Emilio Pérez Touriño (; born 8 August 1948) is a Spanish politician and economist. He is the former secretary general of the Socialists' Party of Galicia and, from August 2005 to March 2009, former president of the autonomous community of Galicia (Spain). Namely, he was president of the executive branch, the Xunta de Galicia. His political views are social democratic and Galicianist.

Academic studies
An economist by profession, Pérez Touriño completed a course of specialisation at the University of Grenoble (France). He finished his doctoral degree in economics at the University of Santiago de Compostela. He was also vice-president for financial affairs in that same university. During his university years, Touriño developed an intense academic activity, teaching and publishing a number of works on economy and development. He would frequently use Galicia and Galicia's infrastructures as a case study in the integration with the European Union.

Politics
During the transition to democracy (1975–1982), following the end of Francoist Spain, Touriño rebranded himself as a left wing political activist and even participated in the drafting of the Galician Statute of Autonomy of 1981. He joined the cabinet of minister Abel Caballero at the Spanish ministry for transportation, tourism and communications. He also worked in a senior position at the ministry for public works, transportation and the environment. In 1994, he was accused of having accepted irregular payments and as a result renounced to all his political posts and returned to academia. That same year he also received the Spanish Great Cross of Civil Merit. He eventually returned to politics in 1996 when he was elected to the Spanish Congress representing A Coruña Province though he resigned from Congress in 1997.

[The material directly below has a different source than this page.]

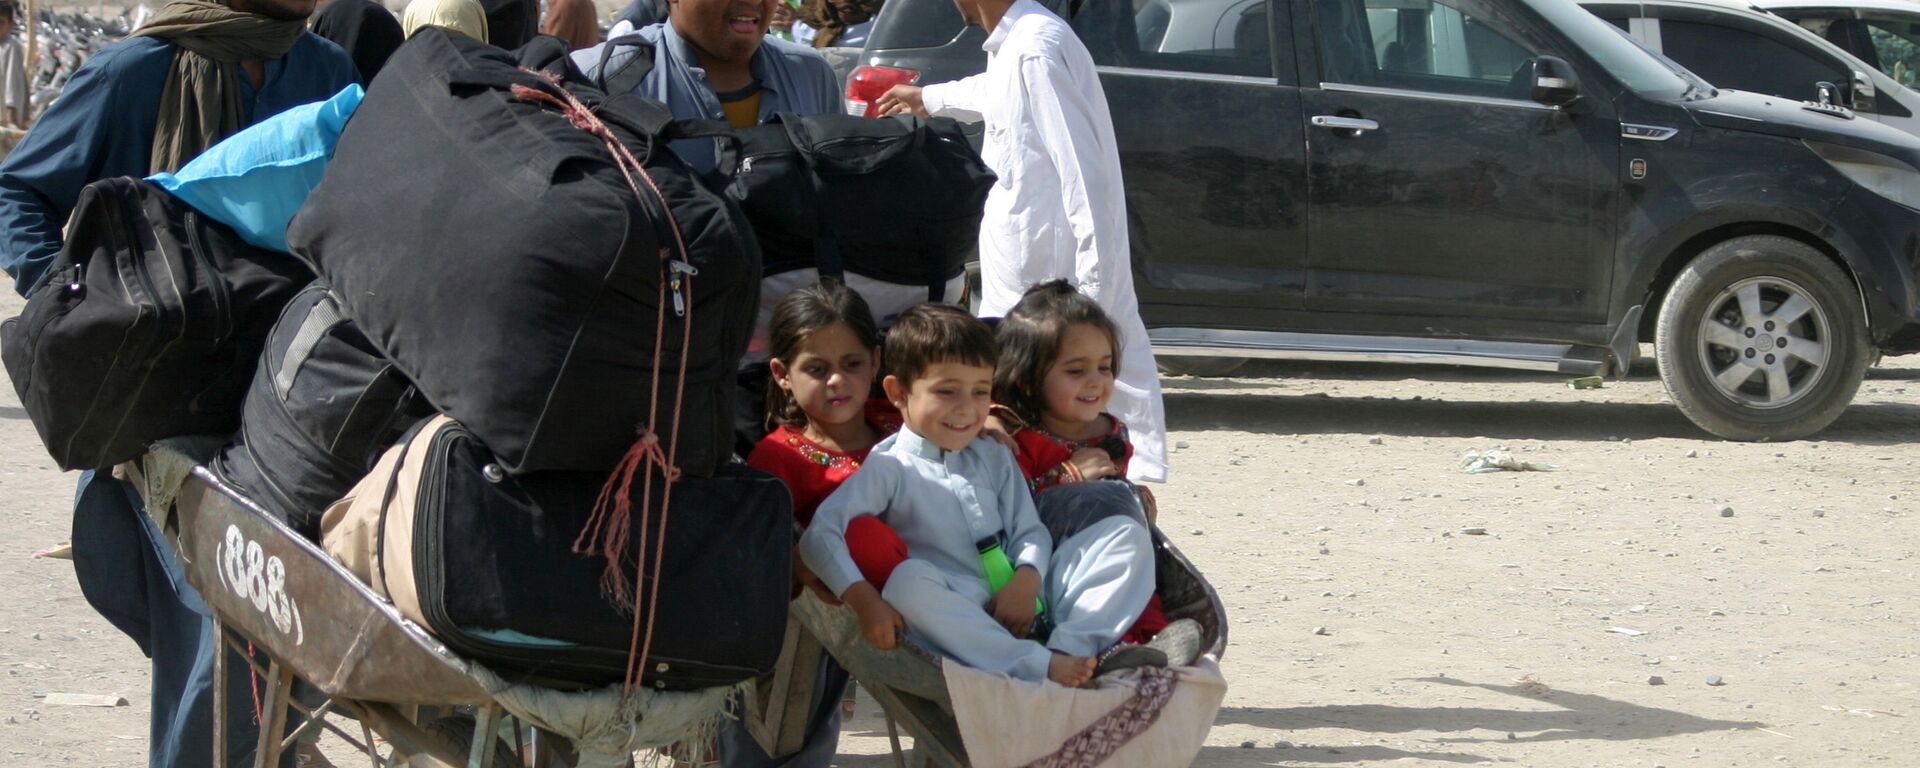 Семья из Афганистана с вещами на контрольно-пропускном пункте Ворота дружбы в пакистано-афганском пограничном городе Чаман, Пакистан - Sputnik Узбекистан, 1920, 20.09.2021

In 1998, Touriño replaced Francisco Vázquez as general secretary of the Socialists' Party of Galicia. In 2005 he became the president of Galicia, defeating Manuel Fraga's People's Party of Galicia, thanks to a coalition government established with the Galician Nationalist Bloc. Subsequently, both coalition parties were engaged by the Spanish Prime Minister, José Luis Rodríguez Zapatero, in reviewing the current Statute of Autonomy, in order to renegotiate the status of Galicia as a part of the Spanish State. He was re-elected secretary general of the Socialists' Party of Galicia in July 2008.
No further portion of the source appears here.